Data for analysis:
++++

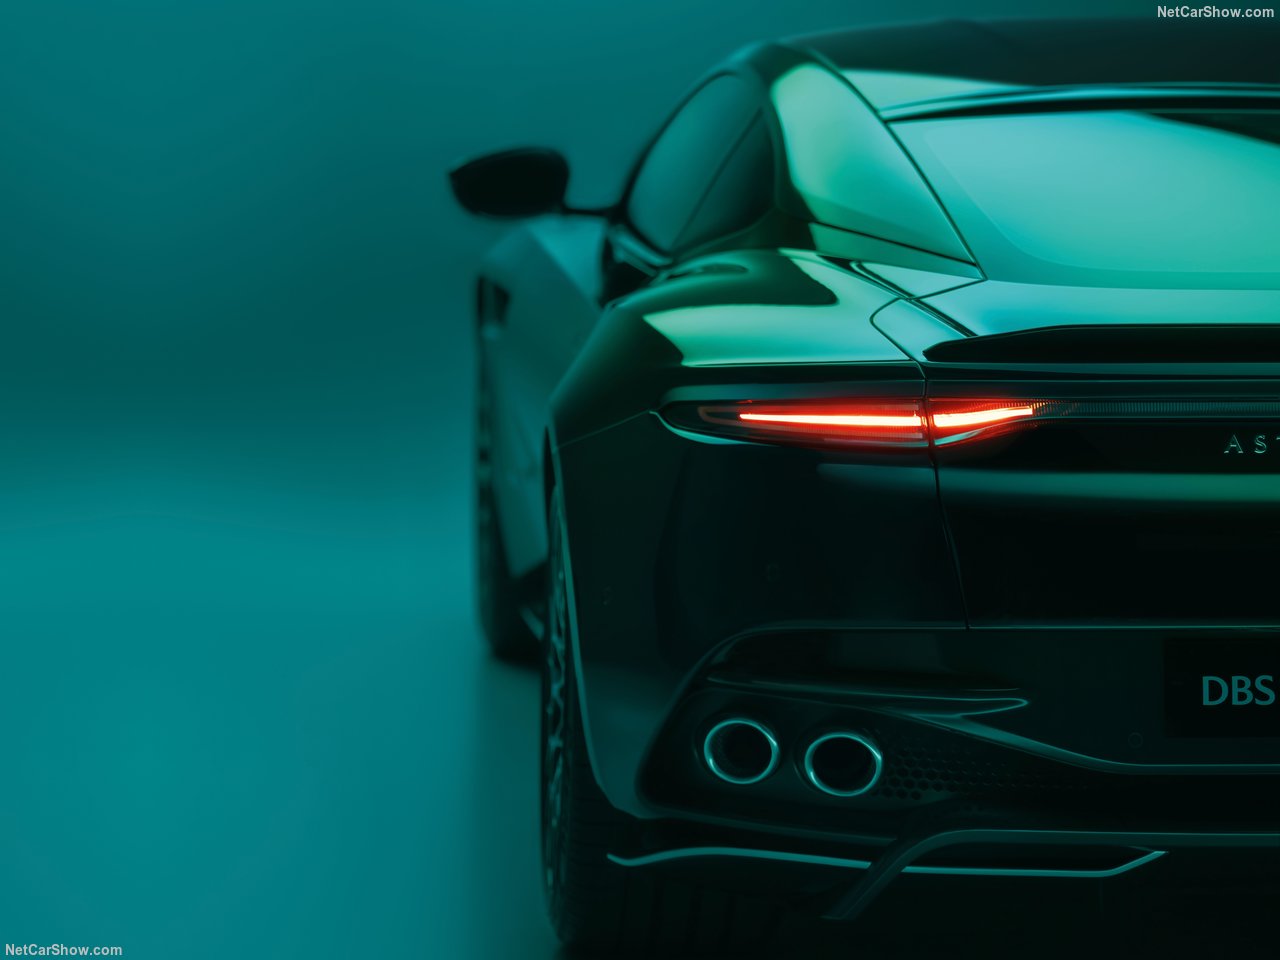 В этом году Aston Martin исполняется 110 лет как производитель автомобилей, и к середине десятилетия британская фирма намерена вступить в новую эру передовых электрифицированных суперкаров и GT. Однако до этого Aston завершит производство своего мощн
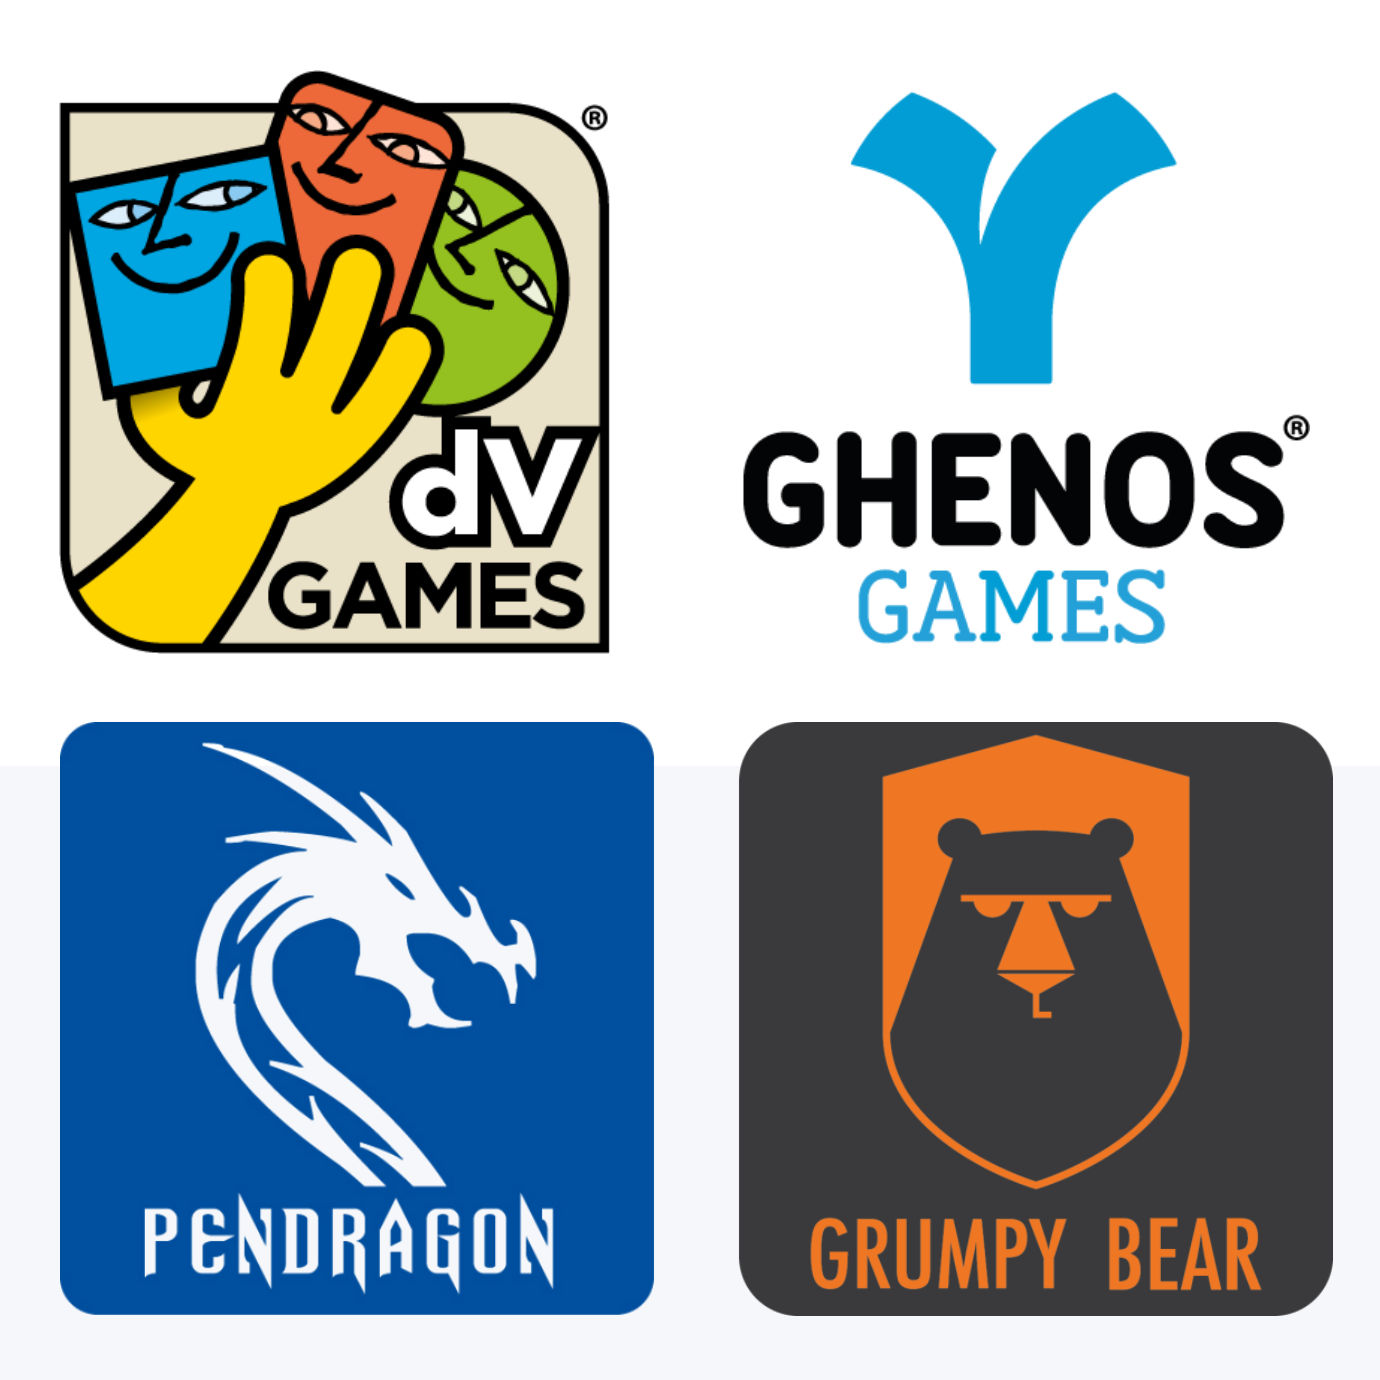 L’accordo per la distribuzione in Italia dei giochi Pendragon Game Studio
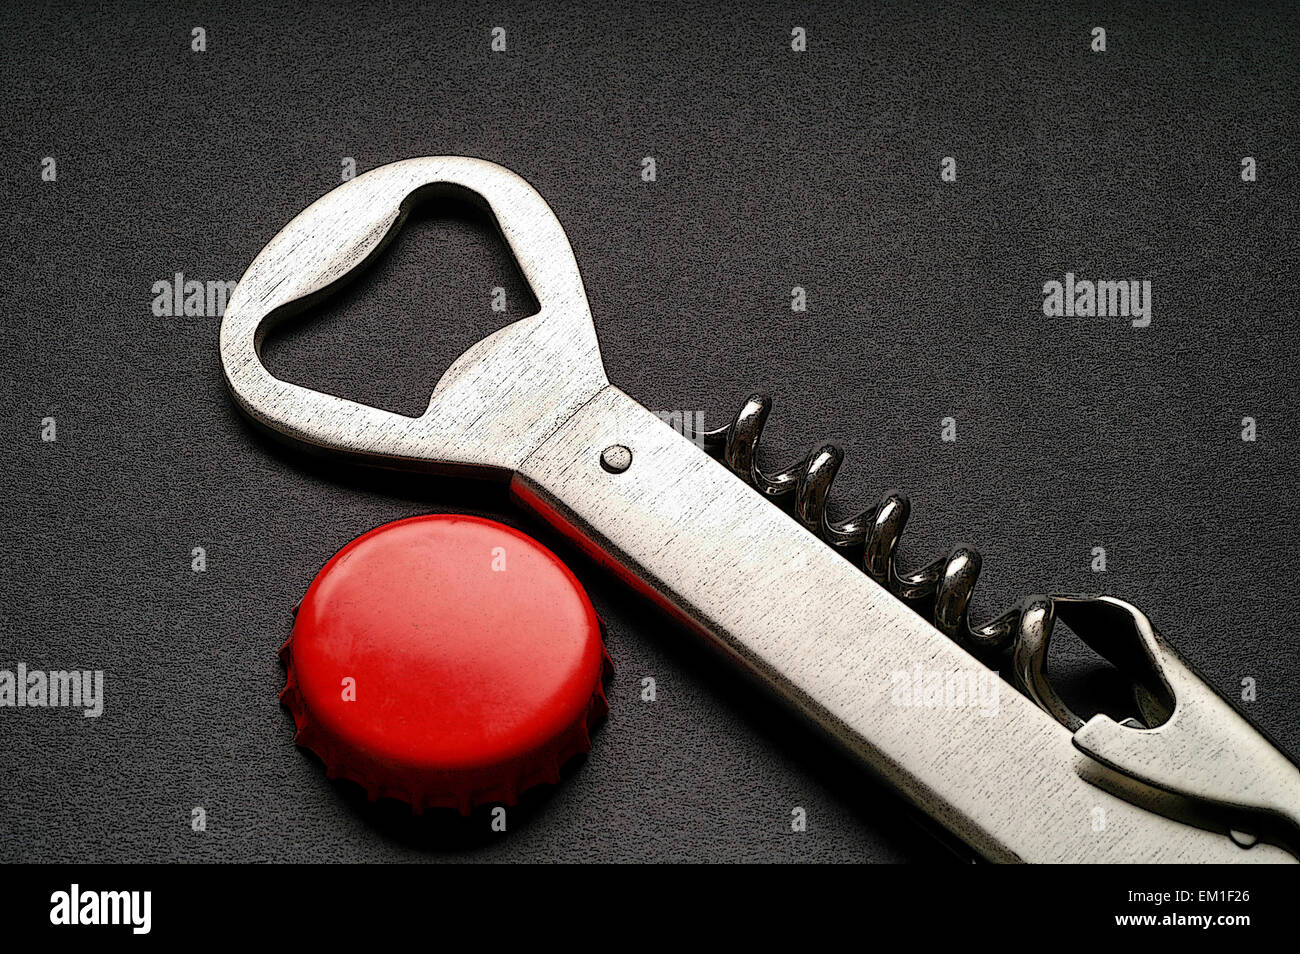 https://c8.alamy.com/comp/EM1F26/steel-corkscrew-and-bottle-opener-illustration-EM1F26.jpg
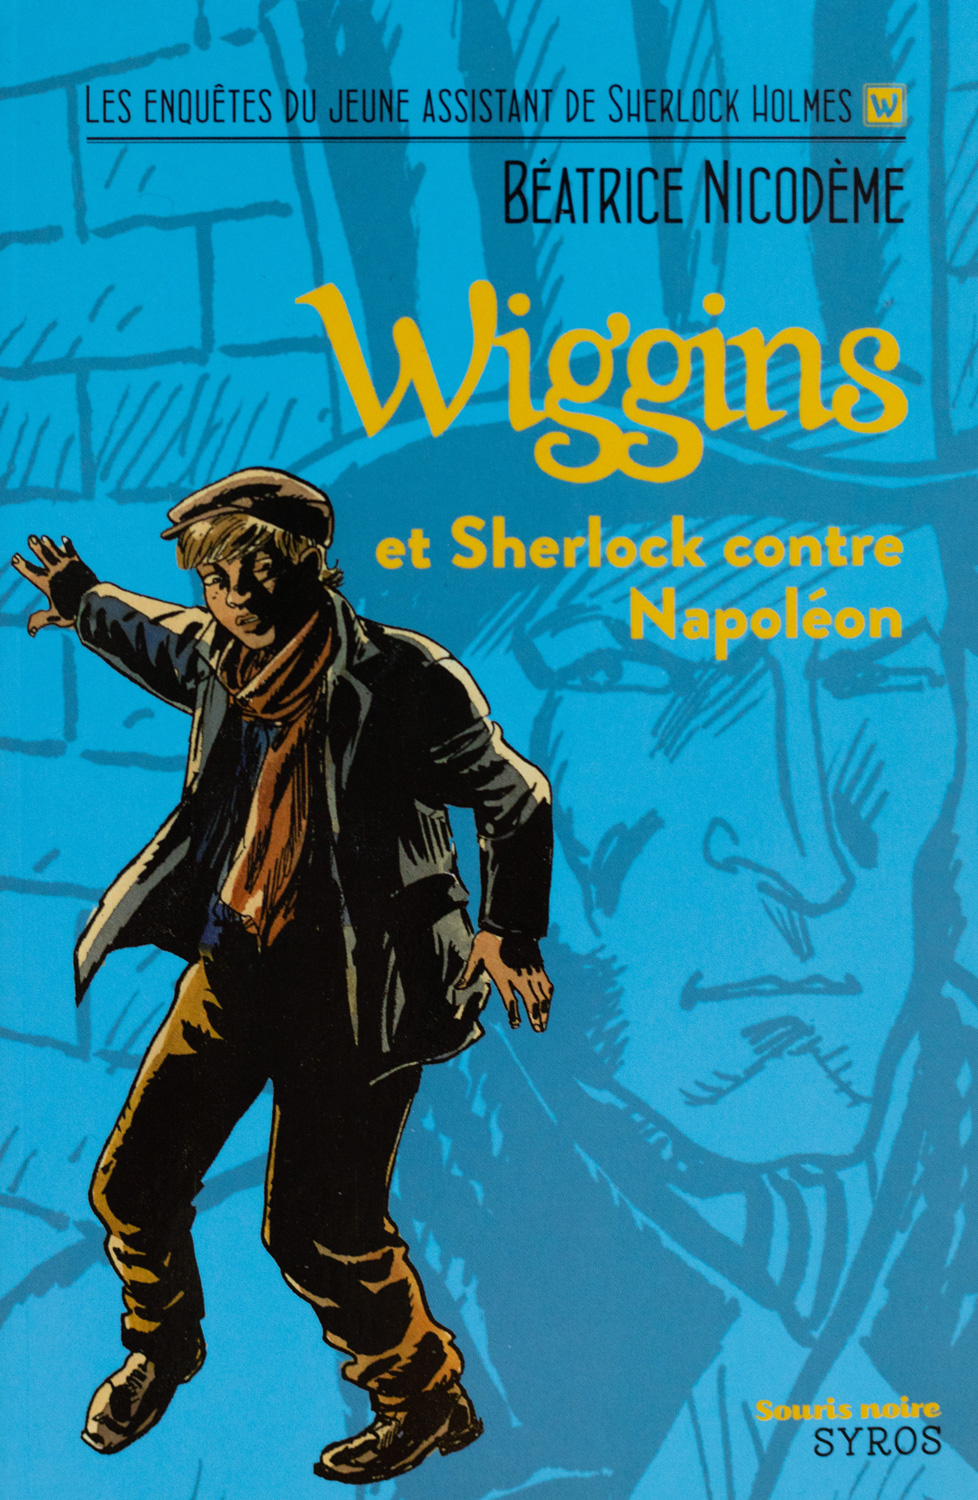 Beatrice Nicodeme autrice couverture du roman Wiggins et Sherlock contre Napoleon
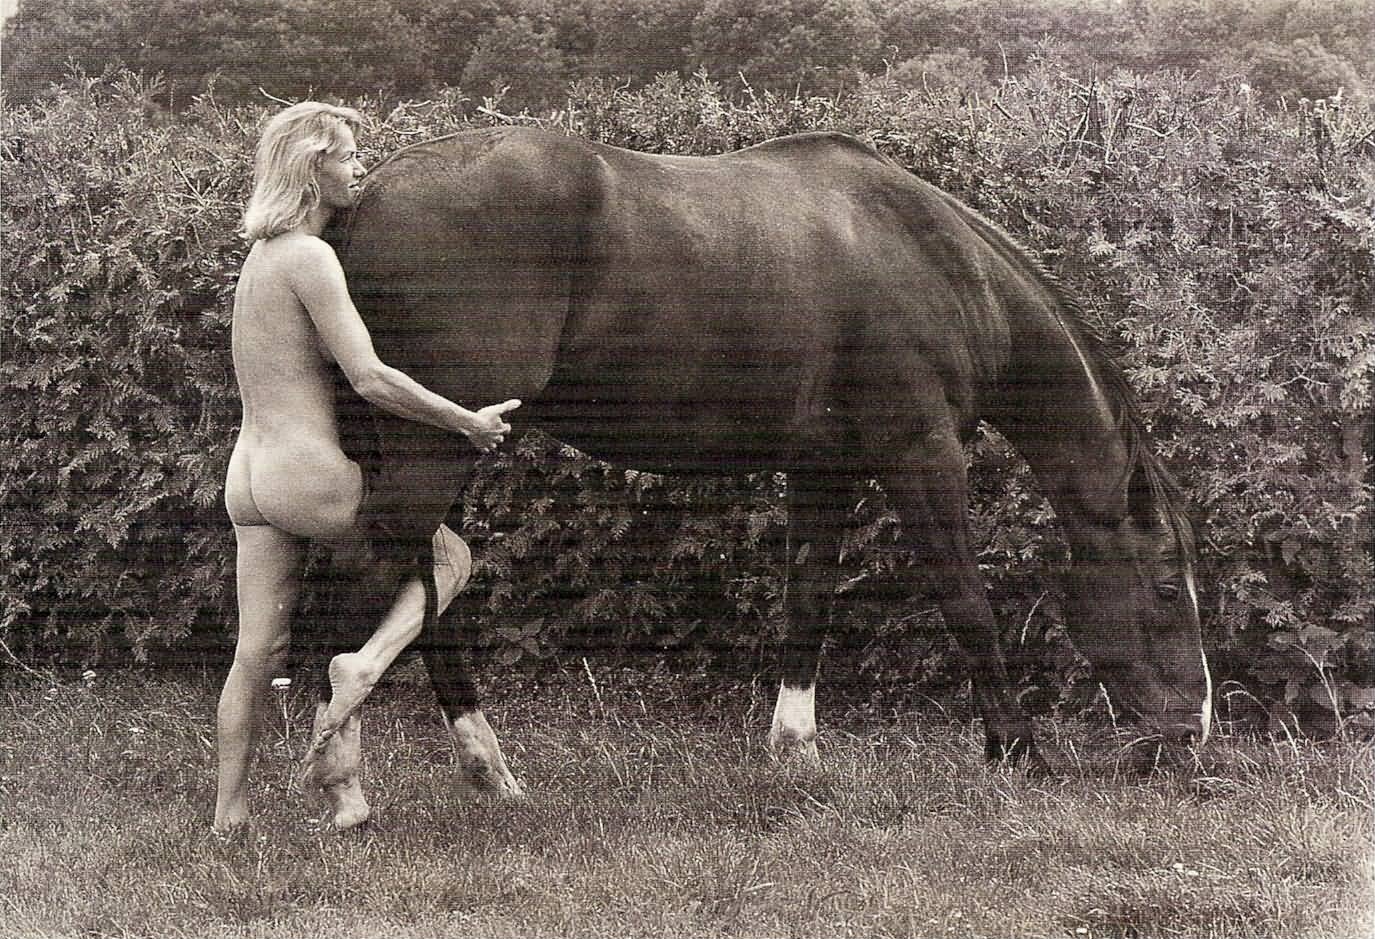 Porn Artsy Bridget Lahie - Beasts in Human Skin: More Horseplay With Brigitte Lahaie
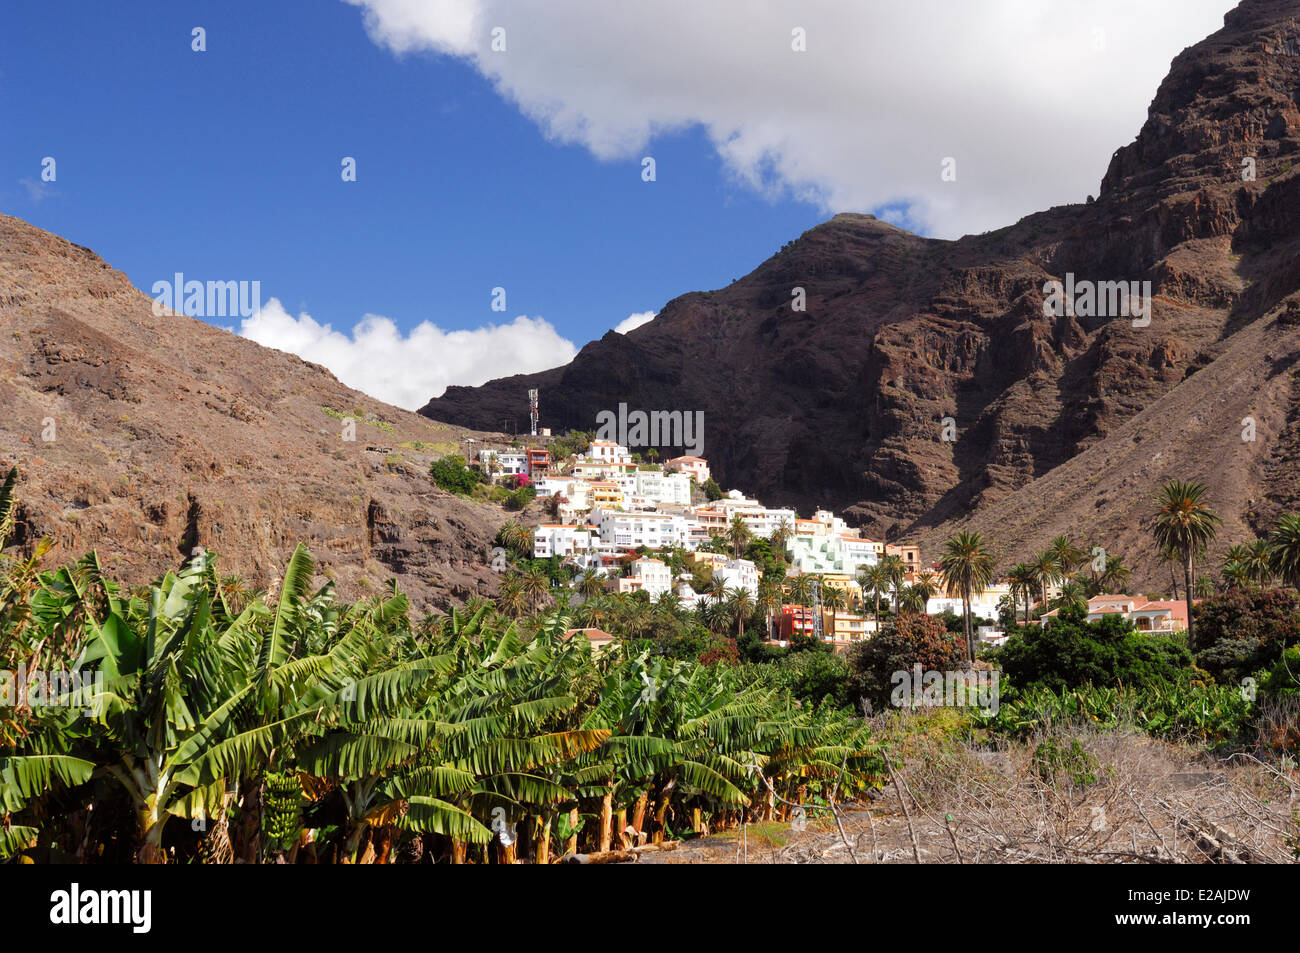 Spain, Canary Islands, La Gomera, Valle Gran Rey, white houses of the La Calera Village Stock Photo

++++

Task requirements:
Please repeat, exactly as written, the lines in the records above, starting with the one that has "L’accordo per la" and going on through the one that has "Porn Artsy Bridget". Pictures are to be left out.

Written answer:
 L’accordo per la distribuzione in Italia dei giochi Pendragon Game Studio
 https://c8.alamy.com/comp/EM1F26/steel-corkscrew-and-bottle-opener-illustration-EM1F26.jpg
 Beatrice Nicodeme autrice couverture du roman Wiggins et Sherlock contre Napoleon
 Porn Artsy Bridget Lahie - Beasts in Human Skin: More Horseplay With Brigitte Lahaie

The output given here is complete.